Experiments were collected on a Bruker Avance DRX 500 MHz spectrometer equipped with a 5 mm inverse triple-resonance (¹H, ¹³C, ¹⁵N) cryoprobe with a z-axis gradient. A Bruker BACS-120 sample changer and ICON-NMR software were used to automate data collection. A 2D gradient-enhanced ¹H-¹³C HSQC (hsqcetgp) was collected for each sample. Spectra were collected with 128 scans and 16 dummy scans over a uniform grid of 1024 and 32 complex points along the ¹H and ¹³C dimensions, respectively. Spectral windows were set to 2,359 ± 2,367 Hz along ¹H and 8,174 ± 8,803 Hz along ¹³C. All spectra were collected at a sample temperature of 293 K.

3.3 NMR processing and multivariate analysis

All processing, treatment and statistical modeling was performed in GNU Octave 3.6 [22] using routines currently available in the MVAPACK toolbox for NMR chemometrics [23]. The 2D raw serial files were loaded [24], apodized with a squared-sine window, zero-filled once along ¹H and twice along ¹³C, and Fourier-transformed. Spectra from the liver cell extracts were manually phase-corrected and cropped (1.0 – 6.6 ppm along ¹H; 16 – 112 ppm along ¹³C), and spectra from the MEF extracts were similarly phase-corrected and cropped (1.25 – 6.2 ppm along ¹H; 8 – 102 ppm along ¹³C). Both uniform and GAI-binning were performed on each data tensor using minimum ¹H and ¹³C bin widths of 0.025 ppm and 2.5 ppm, respectively, and a GAI resolution parameter of 0.1. Binned regions identified to be less intense than three times the standard deviation of the spectral noise (k = 3) were removed after binning. The mean spectrum of the entire processed liver dataset, superimposed with bins identified by both uniform and GAI-binning, is shown in Figure 2.

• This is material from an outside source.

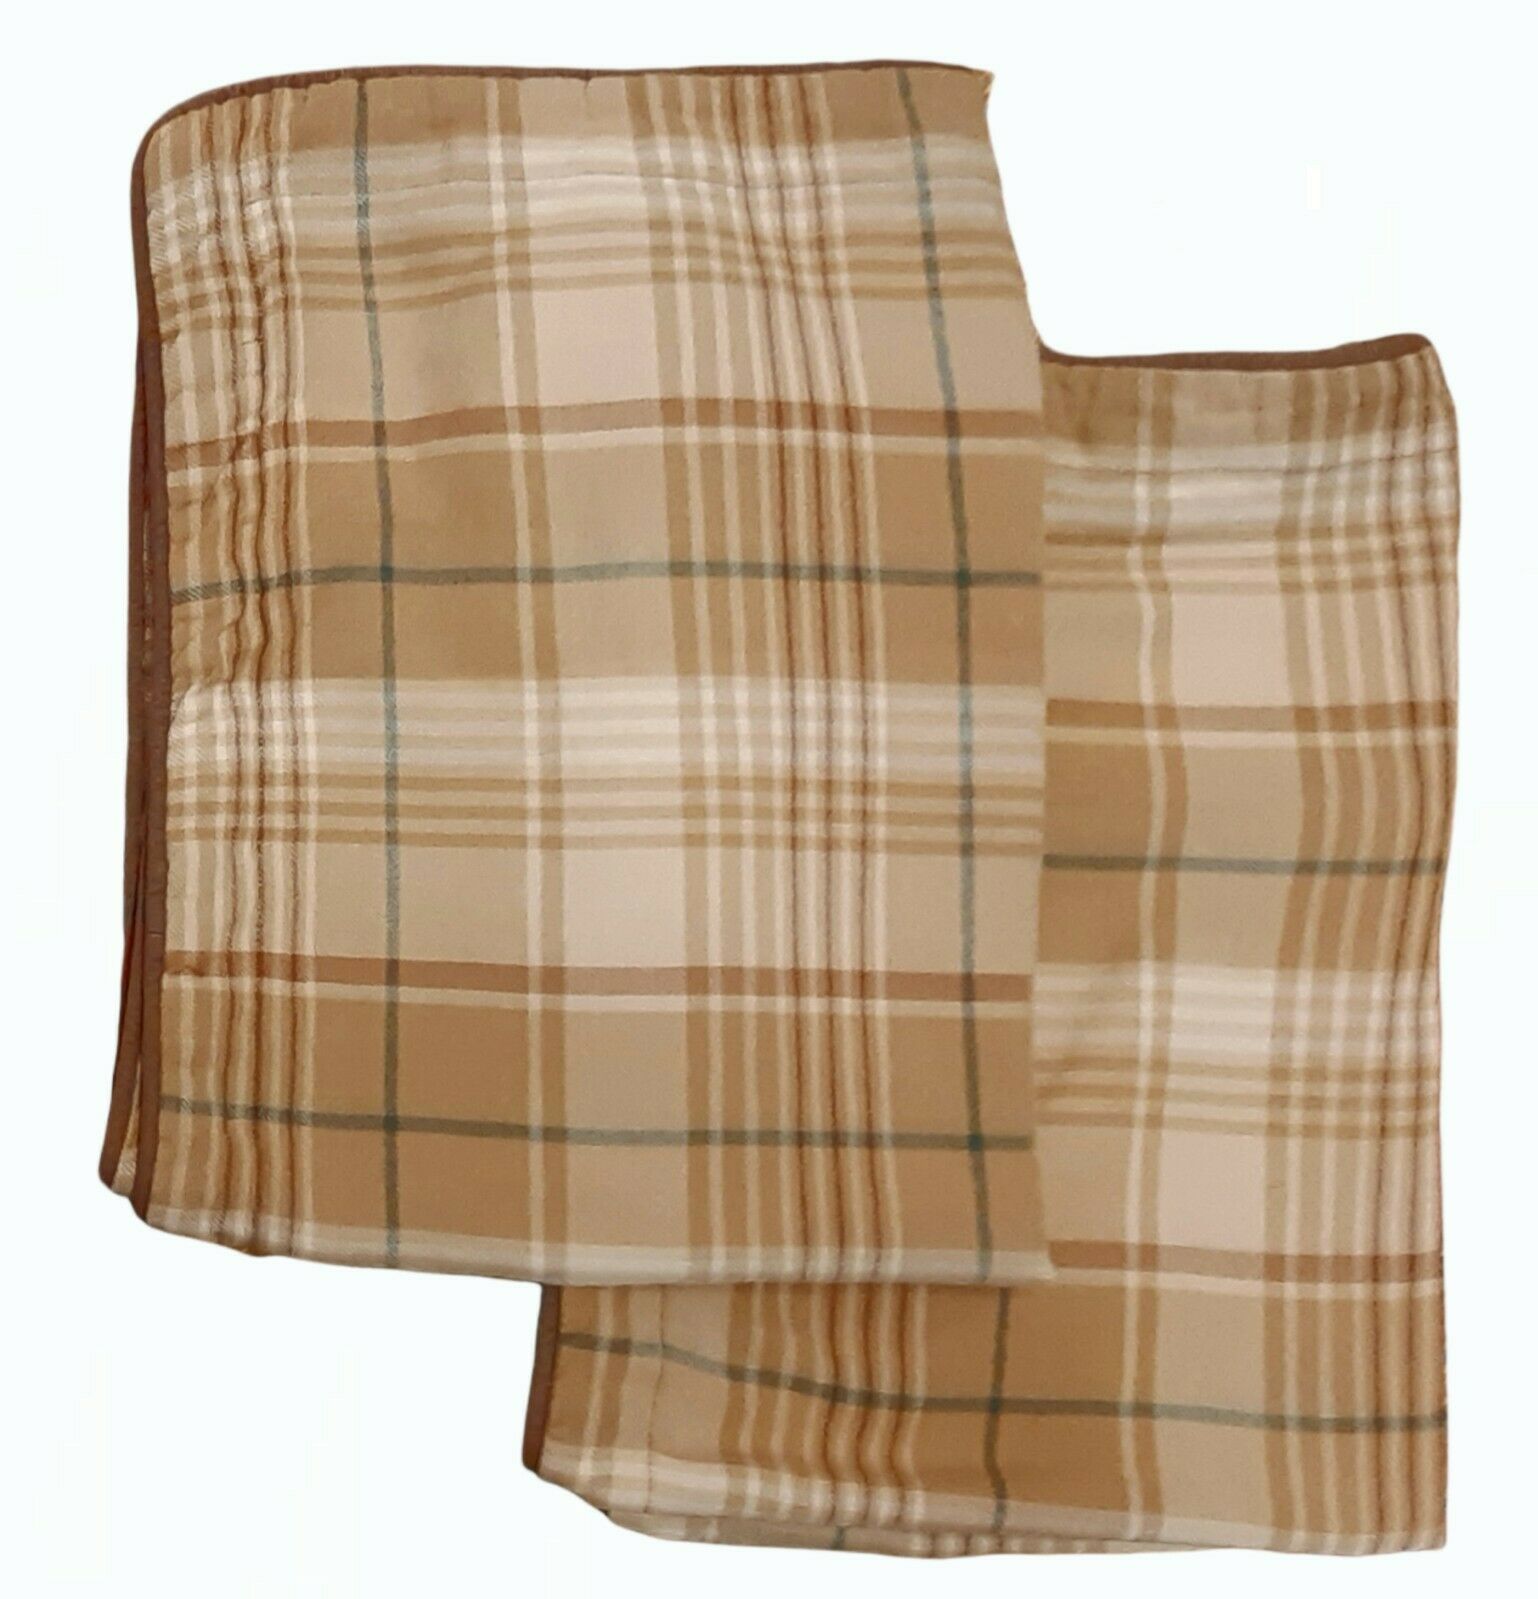 Ralph Lauren Chaps Pillow Shams (2) - Tan / Brown Plaid Checked - Standard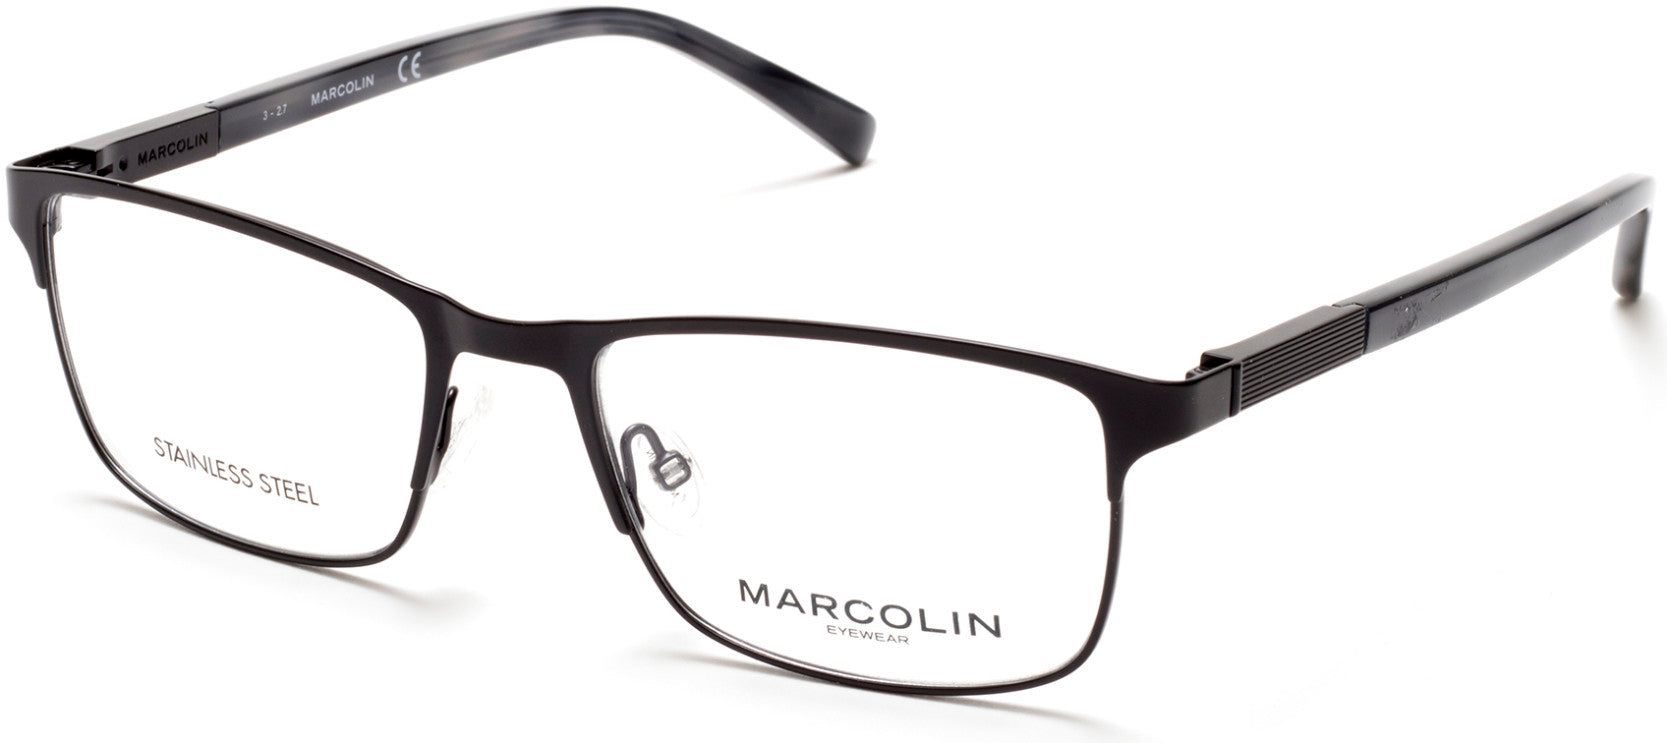 Marcolin MA3013 Geometric Eyeglasses 002-002 - Matte Black

Processed ¹H-¹³C HSQC mean spectrum of the liver data tensor, with overlaid uniform **(A)** and GAI **(B)** bin boundaries. The dataset was binned with minimum bin widths along ¹H and ¹³C of 0.025 ppm and 2.5 ppm, respectively. Retained bins all have maximum intensities no less than three times the standard deviation of the noise floor.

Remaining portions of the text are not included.